### Try it
Write the listing out once more, identical to the original but without pictures.

### Given material
══════════════════════════════
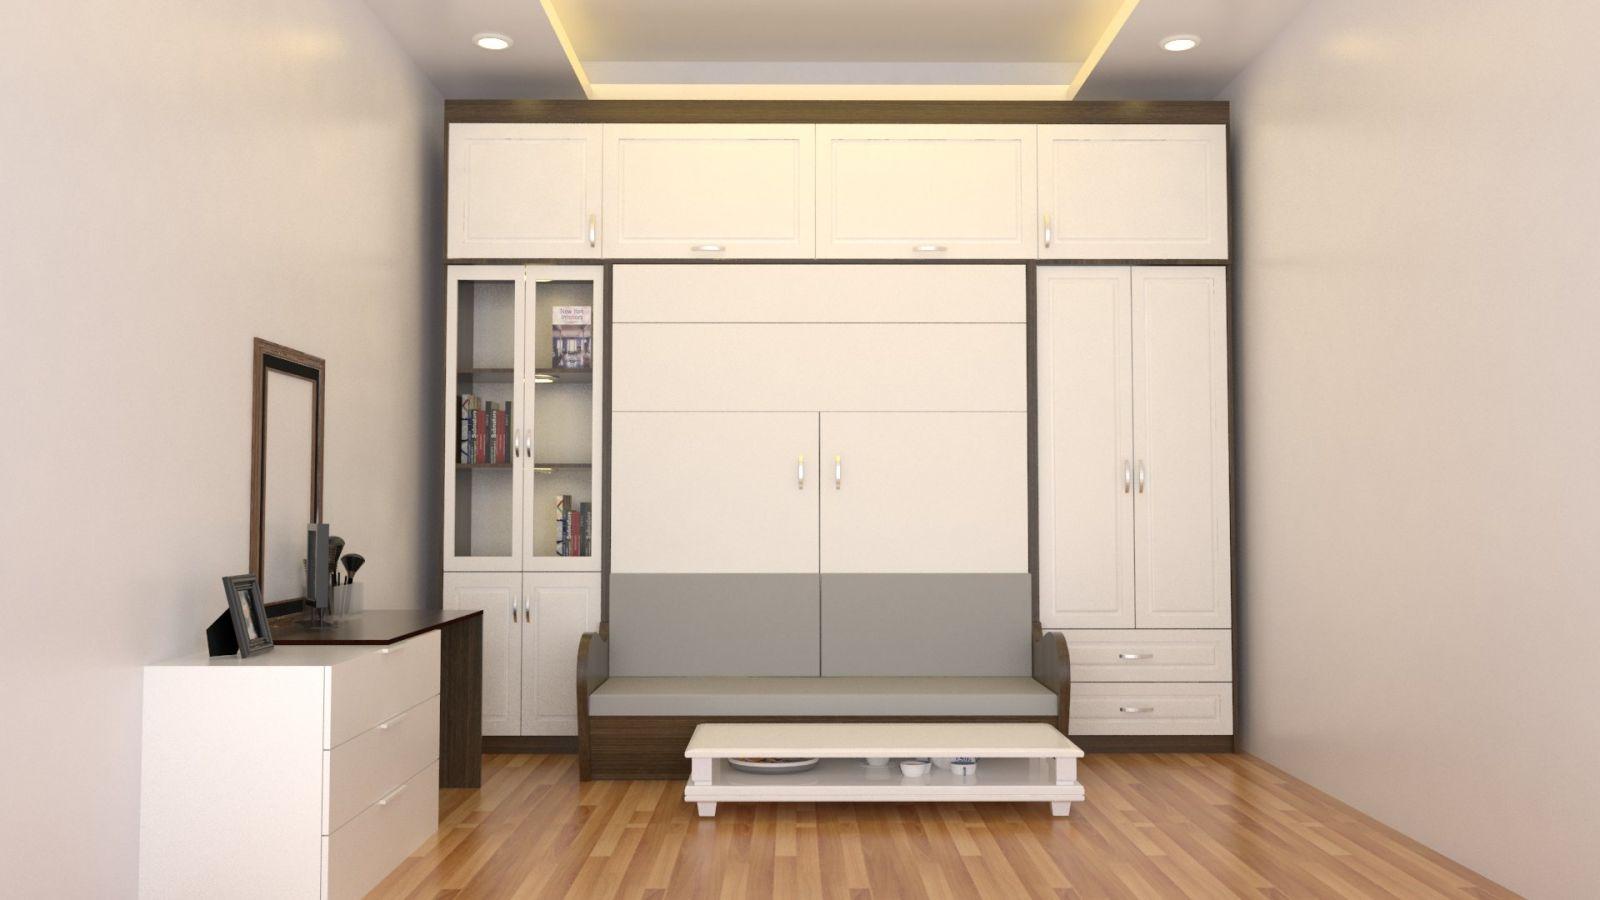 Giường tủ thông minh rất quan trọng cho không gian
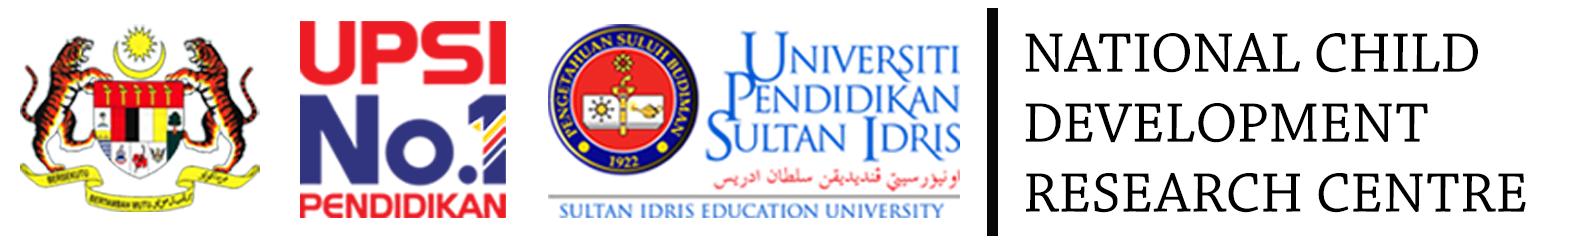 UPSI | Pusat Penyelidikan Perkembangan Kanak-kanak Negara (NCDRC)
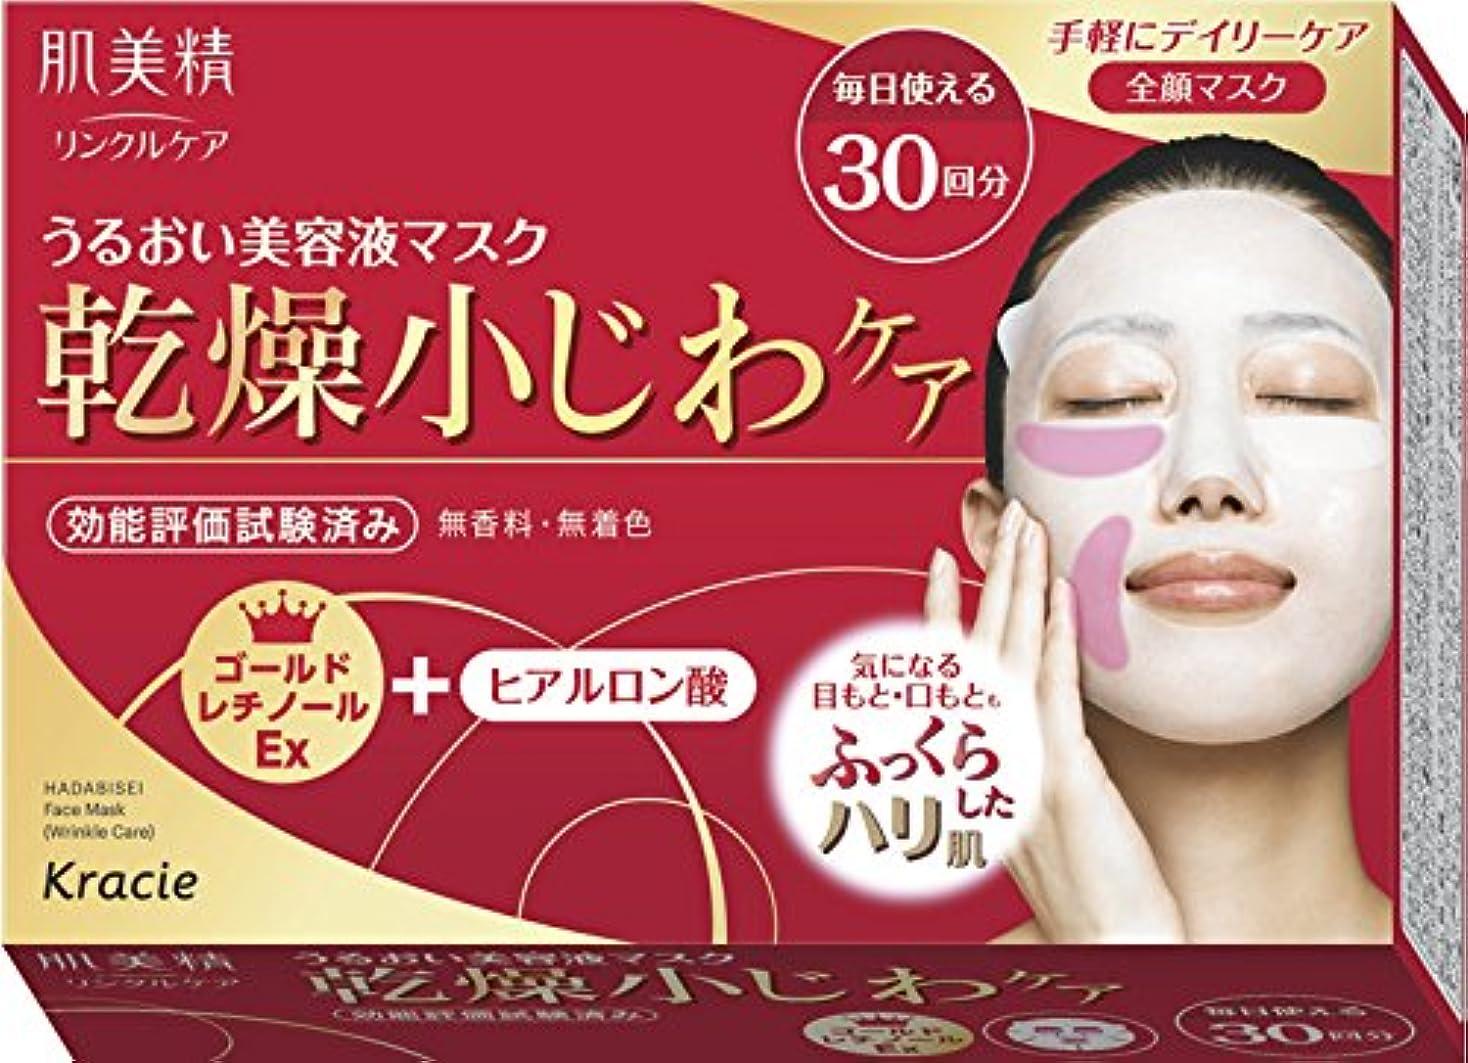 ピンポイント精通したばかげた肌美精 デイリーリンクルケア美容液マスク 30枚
══════════════════════════════
### Answer box
 Giường tủ thông minh rất quan trọng cho không gian
 UPSI | Pusat Penyelidikan Perkembangan Kanak-kanak Negara (NCDRC)
 ピンポイント精通したばかげた肌美精 デイリーリンクルケア美容液マスク 30枚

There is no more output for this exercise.